Laparoscopic / Hysteroscopic Surgery (Keyhole Surgery)
Laparoscopic surgery, also called minimally invasive surgery or keyhole surgery, is a modern surgical technique in which operations in the abdomen are performed through small incisions (usually 0.5–1.0 cm) as opposed to the larger incisions needed in open surgery.
Laparoscopic surgery includes operations within the abdominal or pelvic cavities.
A laparoscope (telescope) is inserted into the abdomen via a small incision made in the umbilicus. Other instruments can then be inserted through additional small incisions (usually 2 or 3 incisions) so that surgery can be performed under laparoscope visualisation. Keyhole surgery makes use of images displayed on TV monitors to magnify the surgical elements.
“Most surgical infertility treatment can now be carried out by laparoscopic or hysteroscopic surgery.”
The surgeon will visually evaluate the pelvic organs and surrounding abdominal organs. He will look for the presence of cysts, fibroids, scar tissue or adhesions, and endometrial growths. He will also look at the shape, color, and size of the reproductive organs. A dye may be injected through the cervix, so the surgeon can evaluate if the fallopian tubes are open.
Even if no signs of endometriosis or other problems are found, the surgeon may remove a sample of tissue to be tested. Sometimes, very mild endometriosis is microscopic and cannot be seen by the naked eye with the laparoscopic camera.
During laparoscopic surgery, you’ll be under the effects of general anesthesia, so you should not feel any pain, nor remember the procedure. When you wake up, you may have a sore throat, feel sore around the cuts, and your abdomen may feel tender. You may feel bloated and you may experience sharp pains in your shoulder. This is normal and should go away within a few days.
Though you will probably go home on the same day, you should plan on taking it easy for two days. You may need a week to recover. You might be prescribed pain medication and antibiotics. There are a number of advantages to the patient with laparoscopic surgery versus an open procedure.
- Reduced hemorrhaging, which reduces the chance of needing a blood transfusion.
- Smaller incision, which reduces pain and shortens recovery time, as well as resulting in less post-operative scarring.
- Less pain, leading to less pain medication needed.
- Although procedure times are usually slightly longer, hospital stay is less, and usually with a same day discharge which leads to a faster return to everyday living.
Hysteroscopy is a procedure through which your doctor can look inside your uterus in order to diagnose and treat pathologies. A Hysteroscope is a thin, telescope which is inserted through the vagina to examine the cervix and the cavity of the uterus.
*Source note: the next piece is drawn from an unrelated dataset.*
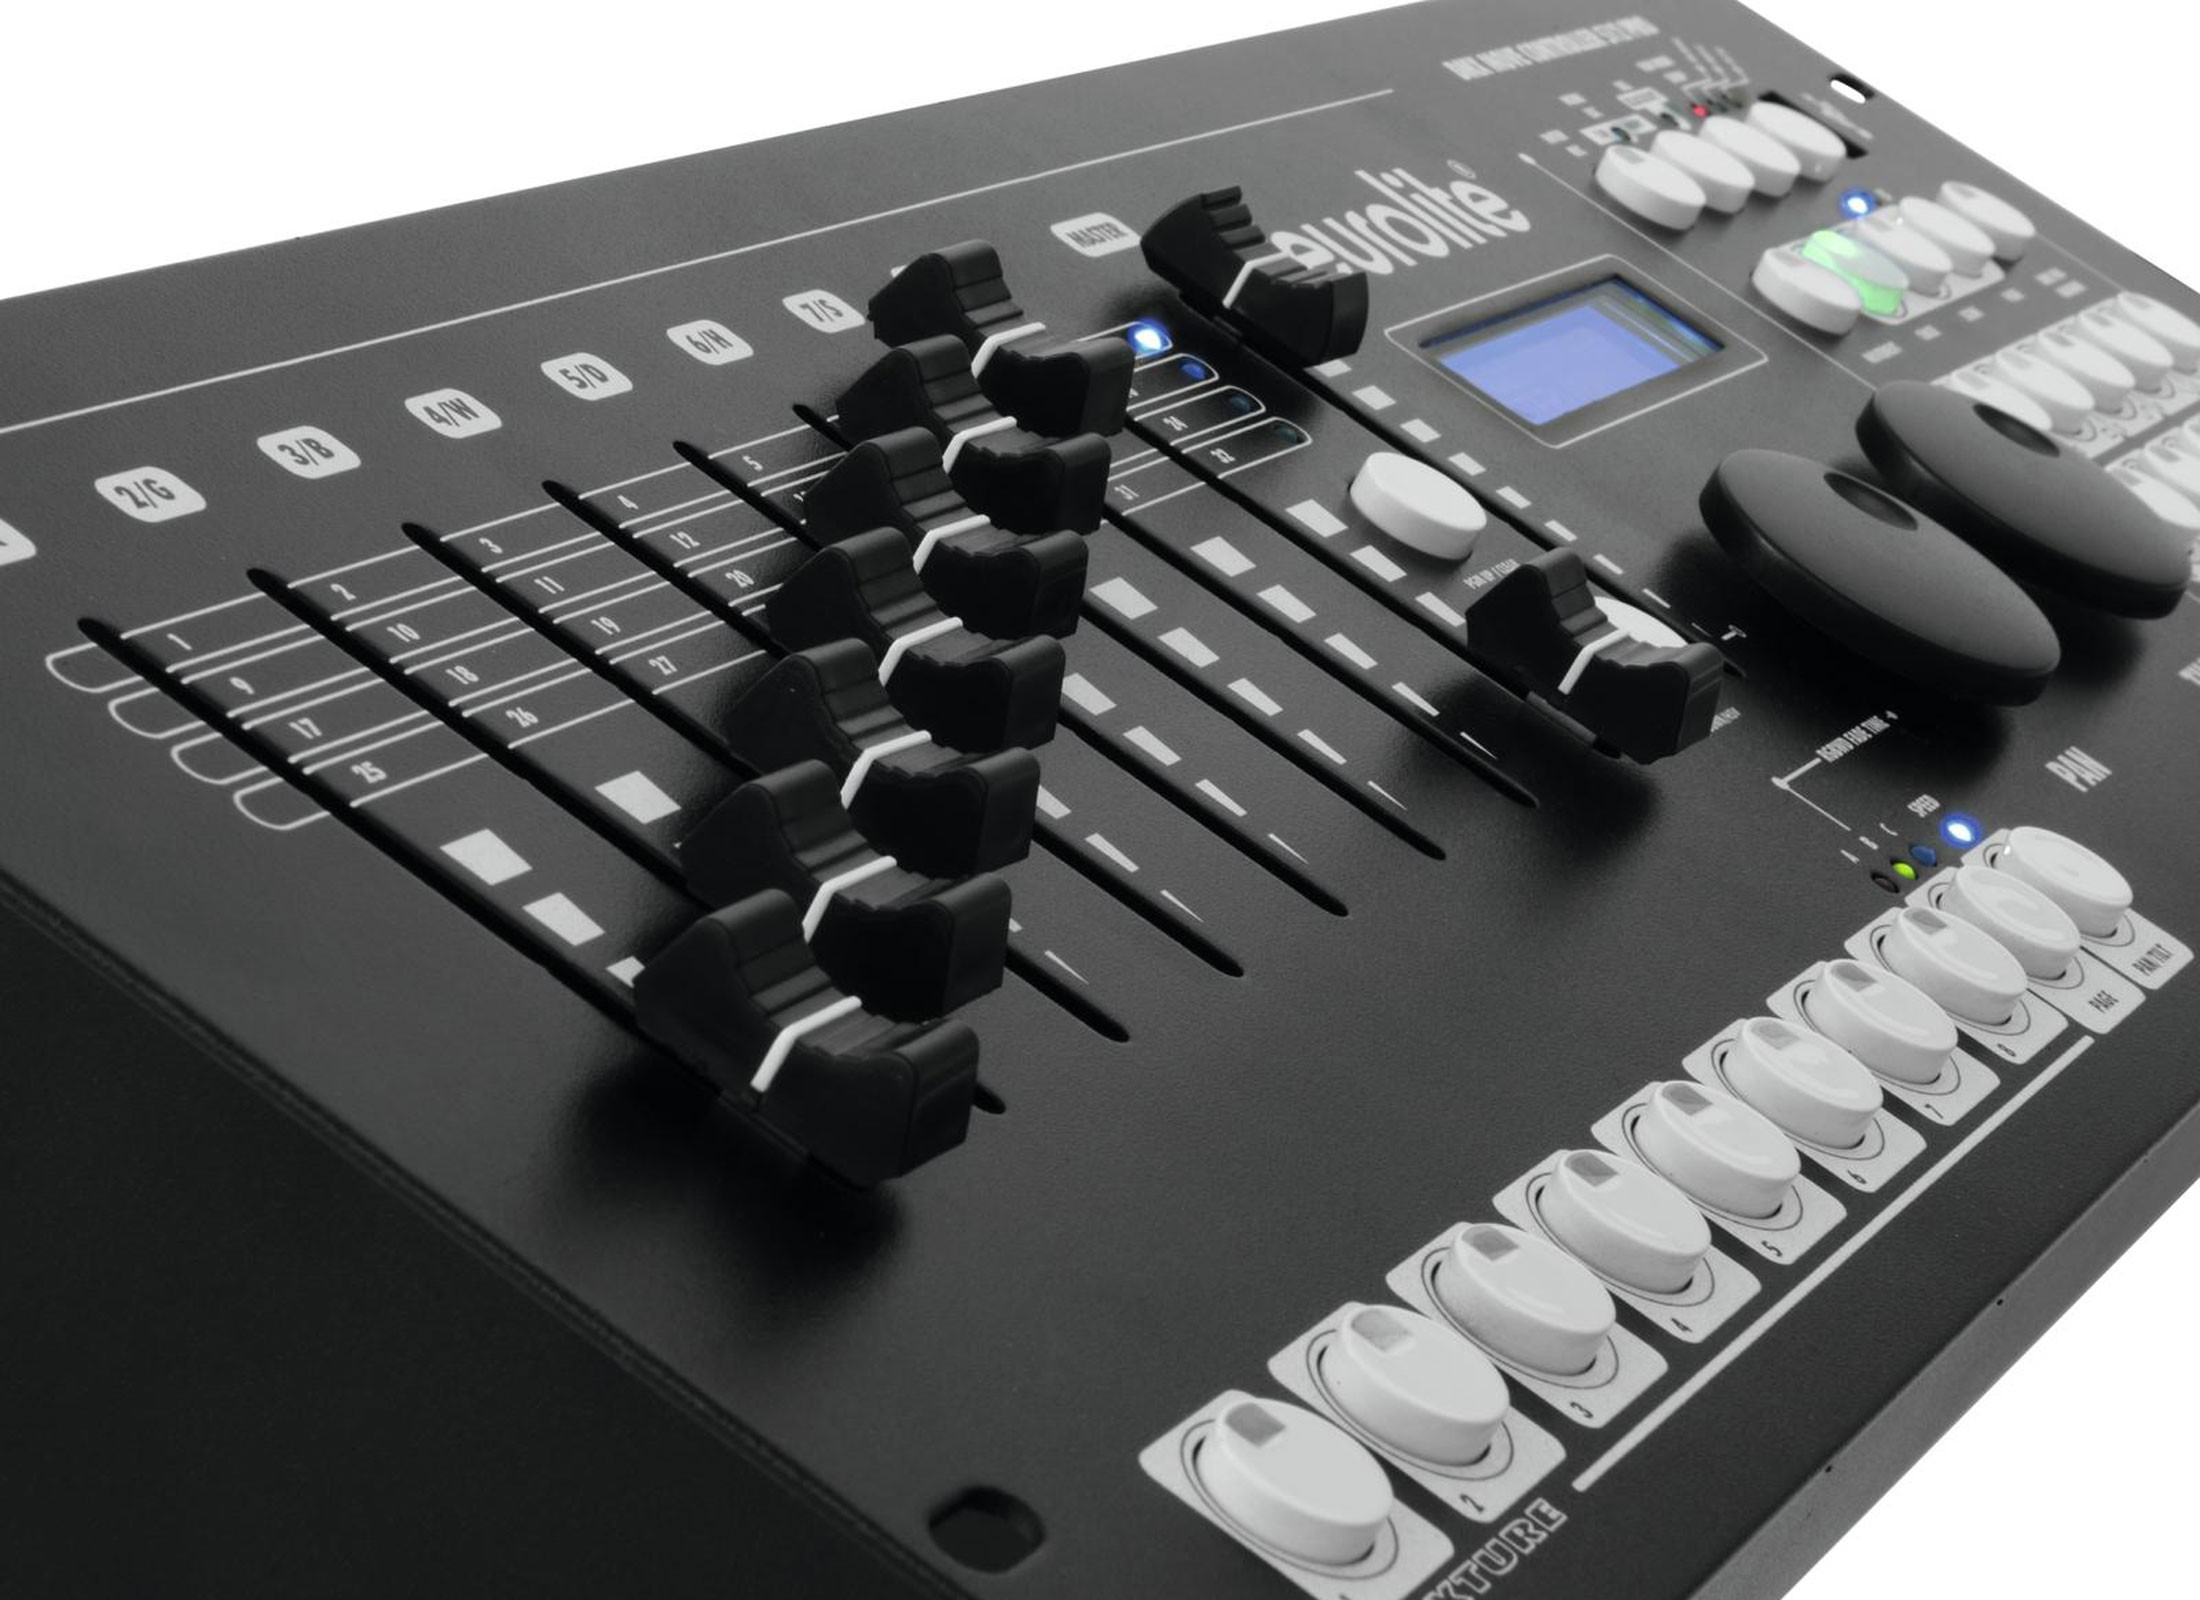 Eurolite Dmx Move Control 512 Pro Dmx Controller Online At

You may be advised a Hysteroscopy to correct the following uterine conditions:
- Polyps, fibroids or adenomyosis - These benign (non-cancerous) growths are found in the uterus and can affect fertility.
- Uterine adhesions - These are bands of scar tissue that can form in the uterus and may lead to changes in menstrual flow and affect fertility.
- Septum – This is a congenital malformation of the uterus and can lead to miscarriages.
- Abnormal bleeding - Hysteroscopy can help identify the cause of heavy/prolonged menstrual flow, or bleeding in between periods.
Your doctor may take a small sample of tissue (biopsy) for examination by a Pathologist.
Your doctor will recommend scheduling surgery between Day 6 and Day 10 of your menstrual cycle. This timing will provide the doctor with the best view of the inside of your uterus and decrease the risk of bleeding from the ovaries at laparoscopic surgery.
Hysteroscopy and laparoscopy do not usually require an overnight stay in the hospital. The procedure is performed under general anesthesia and the patient usually goes home a few hours later.
After the procedure, you may have some cramping or slight vaginal bleeding for a few days.
When indicated, a Hysteroscopy is often done at the same time as a Laparoscopy.